Enge Weltsicht
Wenn es noch eines Beweises bedurft hätte, dann hat der jüngste Besuch von Donald Trump in Großbritannien und Frankreich eines deutlich gemacht: Dieser Us-präsident ist kein Freund Europas und wird es wohl nicht mehr werden. Er, der nur Sieger und Verlierer kennt und der Diplomatie verachtet, ist an einem schwachen, zerstrittenen Europa interessiert. Trump setzt alles daran, die Einigkeit der Staaten auf dem Alten Kontinent zu hintertreiben, weil er sich davon taktische Vorteile verspricht.
Beispiel Brexit: Wo jeder andere Us-präsident versucht hätte, die Briten zur Raison zu bringen, die zu erwartenden Schäden abzufedern oder sich zumindest aus der innenpolitischen Debatte herausgehalten hätte, plädiert Donald Trump offen für den Austritt Großbritanniens aus der EU, lobt demonstrativ die Brexithardliner Boris Johnson und Nigel Farage und winkt den Briten nach erfolgtem Austritt mit einem phänomenalen Handelsabkommen.
Dabei gehört es zu den Lehren des Zweiten Weltkriegs, dass Amerika auf ein stabiles Europa ebenso angewiesen ist, wie die Europäer auf den Schulterschluss mit dem Bündnispartner auf der anderen Seite des Atlantiks vertrauen müssen. Für Donald Trump jedoch sind Bündnisse und internationale Kooperation nicht Teil der Lösung, sondern das eigentliche Problem. Schon deshalb wirkte der Auftritt dieses Us-präsidenten bei den Gedenkfeiern zur Landung der Alliierten in der Normandie befremdlich, eigentlich wie ein Treppenwitz der Geschichte.
Die jungen amerikanischen Soldaten, die vor 75 Jahren ihr Leben riskierten und von denen einige am D-day-gedenktag noch dabei sein konnten, taten dies aus selbstloser Freundschaft für Länder und Menschen, die sie nicht kannten. Sie taten es auch in dem Bewusstsein, dass es in diesem Kampf darum ging, die westliche Wertegemeinschaft aus den Klauen der nationalistischen Barbarei zu befreien.

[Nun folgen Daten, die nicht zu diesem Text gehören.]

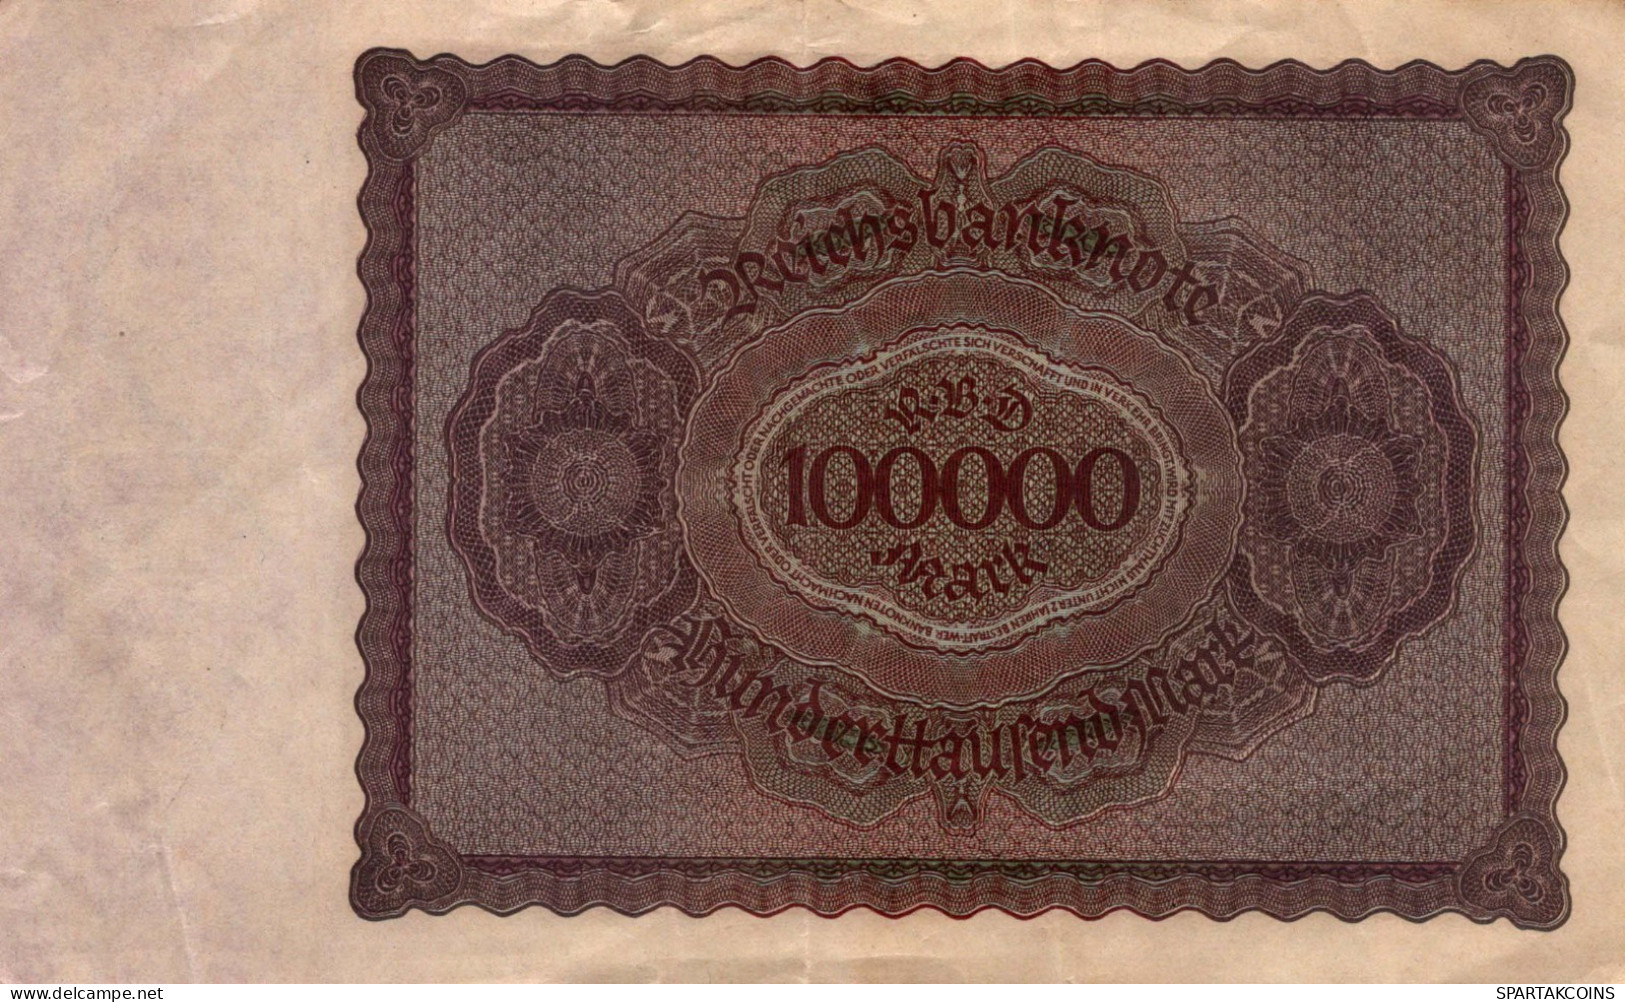 100000 MARK 1923 Stadt BERLIN DEUTSCHLAND Papiergeld Banknote #PL138 - [11] Local Banknote Issues

Dass Europa nach der Befreiung durch die Alliierten eine nie gekannte Ära der Stabilität und des Wohlstands erleben durfte, ist auch ihr Sieg und ihr Verdienst.
Und Donald Trump? An den D-day-schauplätzen der Normandie sah und hörte man einen Us-präsidenten, der aus seiner engen Weltsicht heraus weder fähig noch willens war, sich der historischen Dimension des Augenblicks anzupassen. So war es, wieder einmal, Frankreichs Staatspräsident Emmanuel Macron, der 41-Jährige, der seinem 31 Jahre älteren Kollegen eine Lektion in jüngerer Geschichte erteilte. Bei seiner Rede in Colleville-sur-mer drehte sich Macron zu Trump um und sprach von der wahren Größe Amerikas, jenem Amerika, das für die Freiheit anderer kämpft, das die Demokratie verteidigt und das dabei auf ein gemeinschaftliches Vorgehen mit Alliierten und Partnern setzt. Man müsse sich „dem Versprechen der Normandie würdig erweisen“, schrieb Macron Trump ins Stammbuch.
Es gibt wenig Anlass zu der Hoffnung, dass Trump die Bedeutung dieser Worte beherzigen wird. Ein paar nette Fotos mit Veteranen unter dem blauen Himmel von Omaha Beach reichen dafür jedenfalls nicht aus.
Trumps Normandieauftritt war wie ein Treppenwitz der Geschichte.